Article em En | MEDLINE | ID: mdl-26581300
ABSTRACT

OBJECTIVE:

To assess the genetic contribution of TBK1, a gene implicated in amyotrophic lateral sclerosis (ALS), frontotemporal dementia (FTD), and FTD-ALS, in Belgian FTD and ALS patient cohorts containing a significant part of genetically unresolved patients.

METHODS:

We sequenced TBK1 in a hospital-based cohort of 482 unrelated patients with FTD and FTD-ALS and 147 patients with ALS and an extended Belgian FTD-ALS family DR158. We followed up mutation carriers by segregation studies, transcript and protein expression analysis, and immunohistochemistry.

RESULTS:

We identified 11 patients carrying a loss-of-function (LOF) mutation resulting in an overall mutation frequency of 1.7% (11/629), 1.1% in patients with FTD (5/460), 3.4% in patients with ALS (5/147), and 4.5% in patients with FTD-ALS (1/22).
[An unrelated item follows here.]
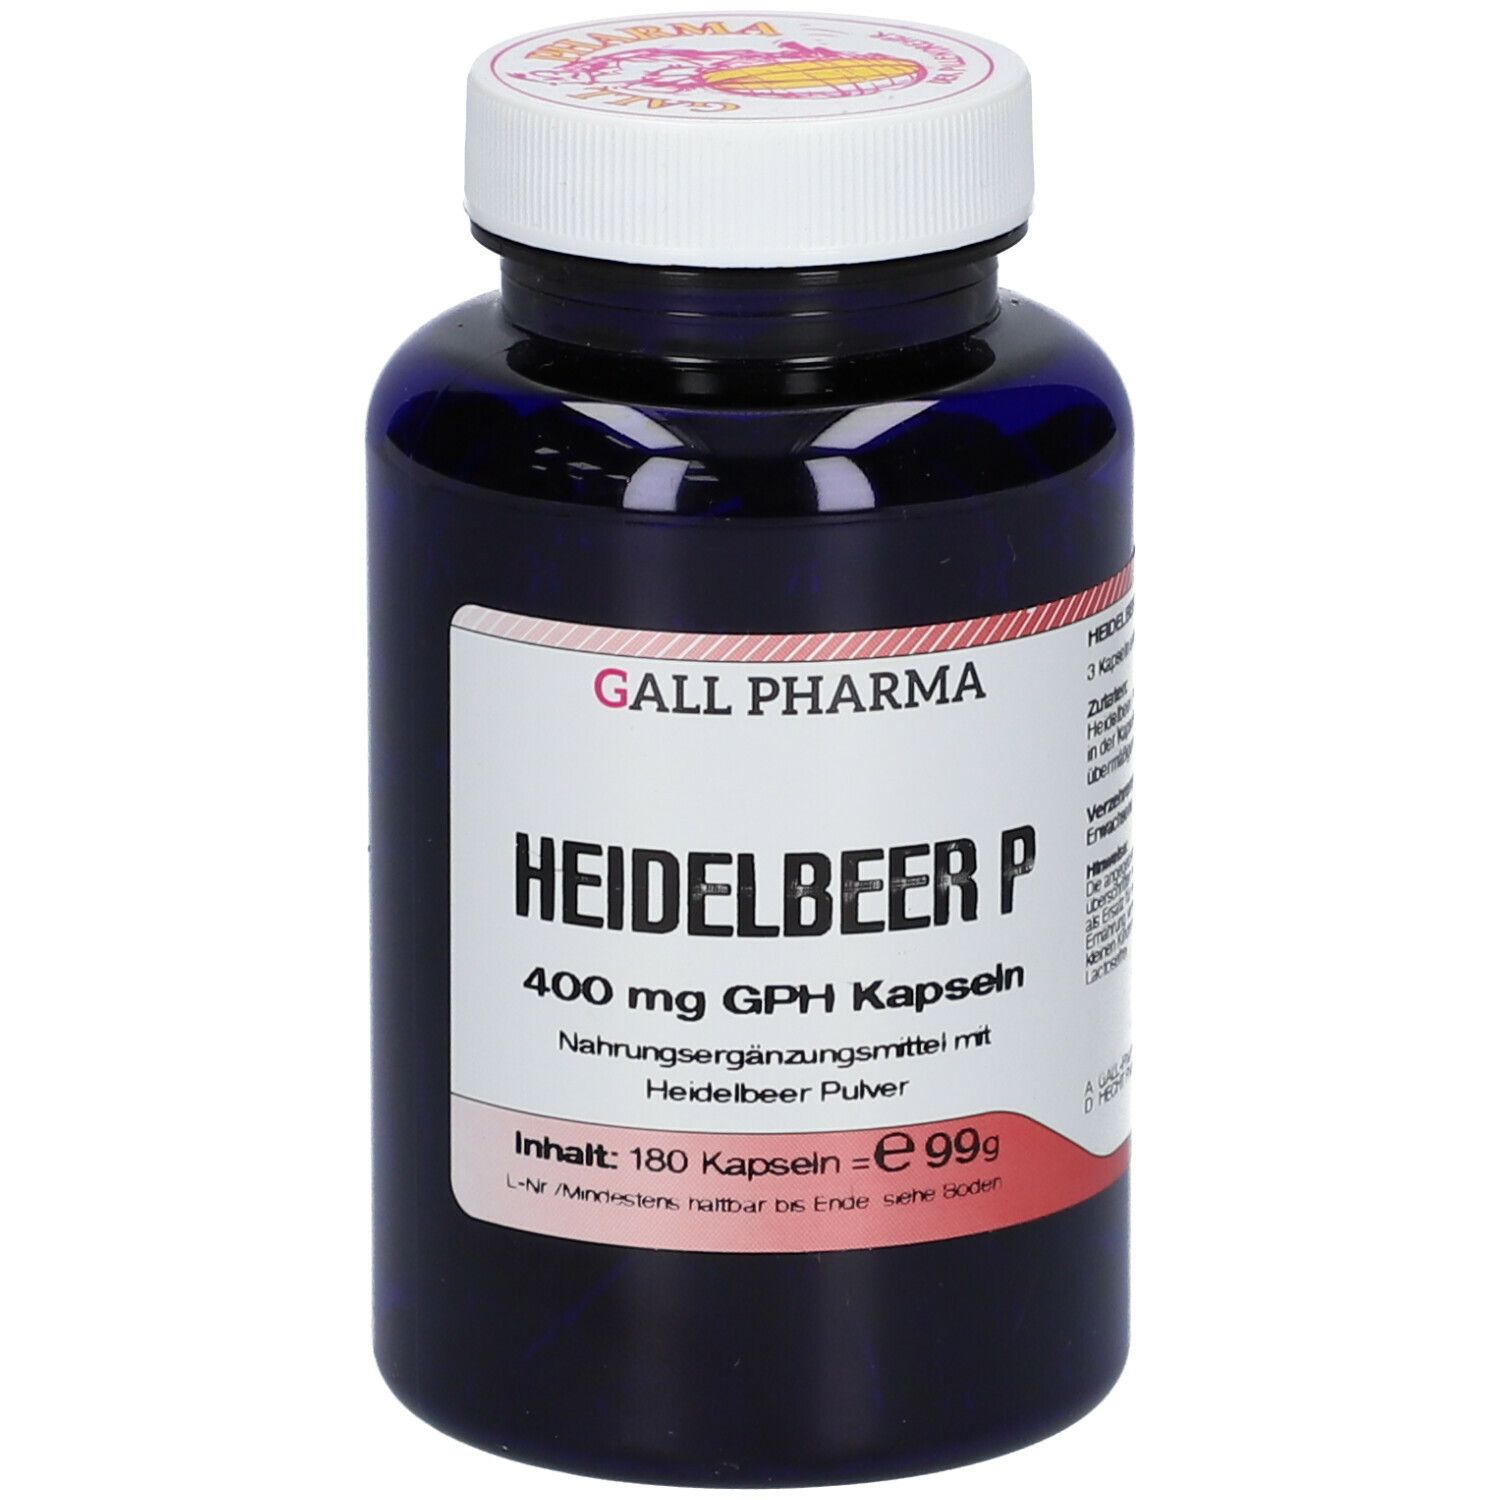 Gall Pharma Heidelbeer PE GPH Kapseln

We found 1 LOF mutation, p.Glu643del, in 6 unrelated patients segregating with disease in family DR158. Of 2 mutation carriers, brain and spinal cord was characterized by TDP-43-positive pathology. The LOF mutations including the p.Glu643del mutation led to loss of transcript or protein in blood and brain.

CONCLUSIONS:

TBK1 LOF mutations are the third most frequent cause of clinical FTD in the Belgian clinically based patient cohort, after C9orf72 and GRN, and the second most common cause of clinical ALS after C9orf72. These findings reinforce that FTD and ALS belong to the same disease continuum.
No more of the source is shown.